Therefore, the classification device obtains the audio frequency segments with the ratio of the fundamental frequency larger than the first preset frequency larger than the second preset ratio and smaller than the third preset ratio from the plurality of audio frequency segments as the target audio frequency segments.

Wherein the second preset length is 1 second, the third preset length is 0.5 second, and the second preset proportion may be set to 10%, 20% or other percentages. The third preset proportion may be set to 60%, 70% or other percentage. The third predetermined ratio may be the same as or different from the first predetermined ratio in step 2021.

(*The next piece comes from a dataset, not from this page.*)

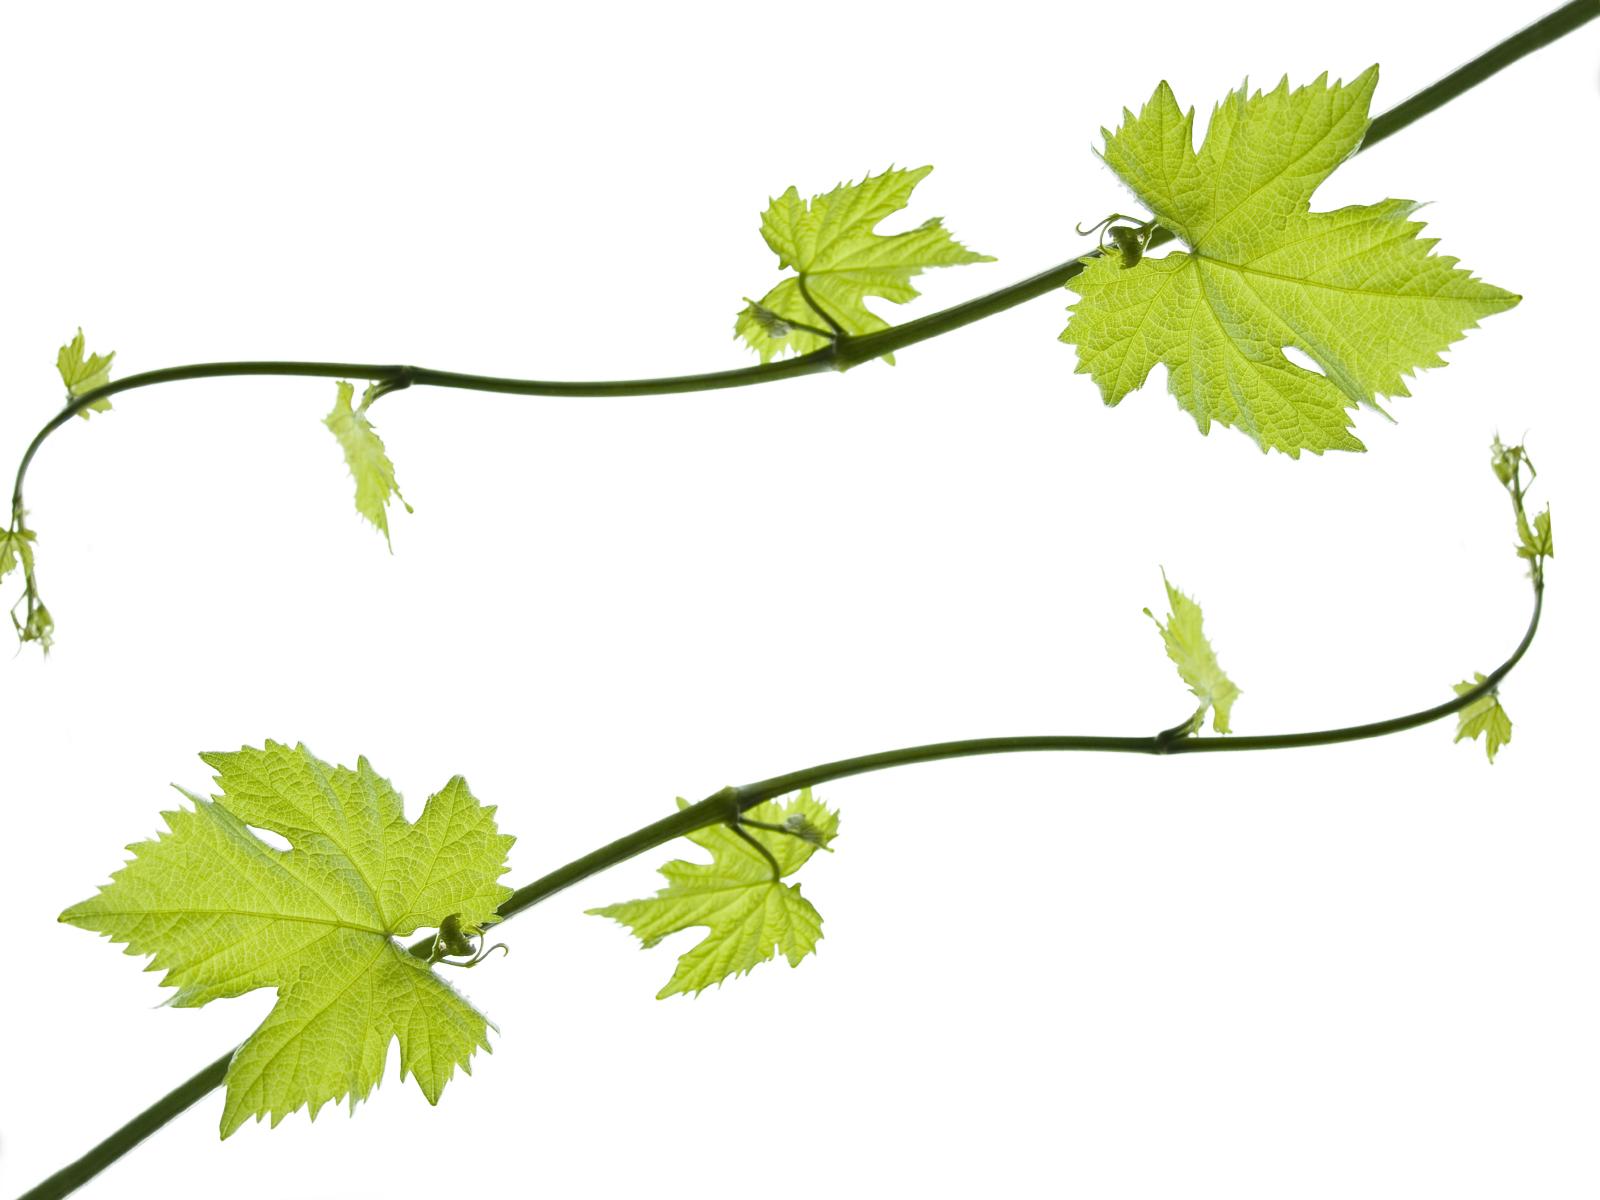 Grapes clip art grapes clipart fans 4

The target audio information is divided into a plurality of audio segments, and for each audio segment, whether the audio segment is a noise segment, a singing segment or a segment except the noise segment and the singing segment is judged through the fundamental frequency of the audio segment, so that the noise segment and the singing segment in the target audio information are eliminated, the calculated amount is reduced, and the accuracy of subsequent classification of the target audio information is improved.

It should be noted that, the above steps 2021 and 2023 may be combined with each other, and the noise segment, the mute segment, the singing segment and the segments other than the above three segments in the target audio information may be distinguished, so as to exclude the noise segment, the mute segment and the singing segment, determine the target audio segment that needs to be classified, and determine whether the target audio segment is normal audio information or sensitive audio information according to the target audio segment.

203. And carrying out high-pass filtering on at least one target audio segment to obtain at least one audio segment after high-pass filtering.

The classification device can set a preset cut-off frequency during high-pass filtering, and when the high-pass filtering is carried out on the audio information, if the frequency of the audio information is lower than the preset cut-off frequency, the audio information is filtered, and if the frequency of the audio information is not lower than the preset cut-off frequency, the audio information is reserved.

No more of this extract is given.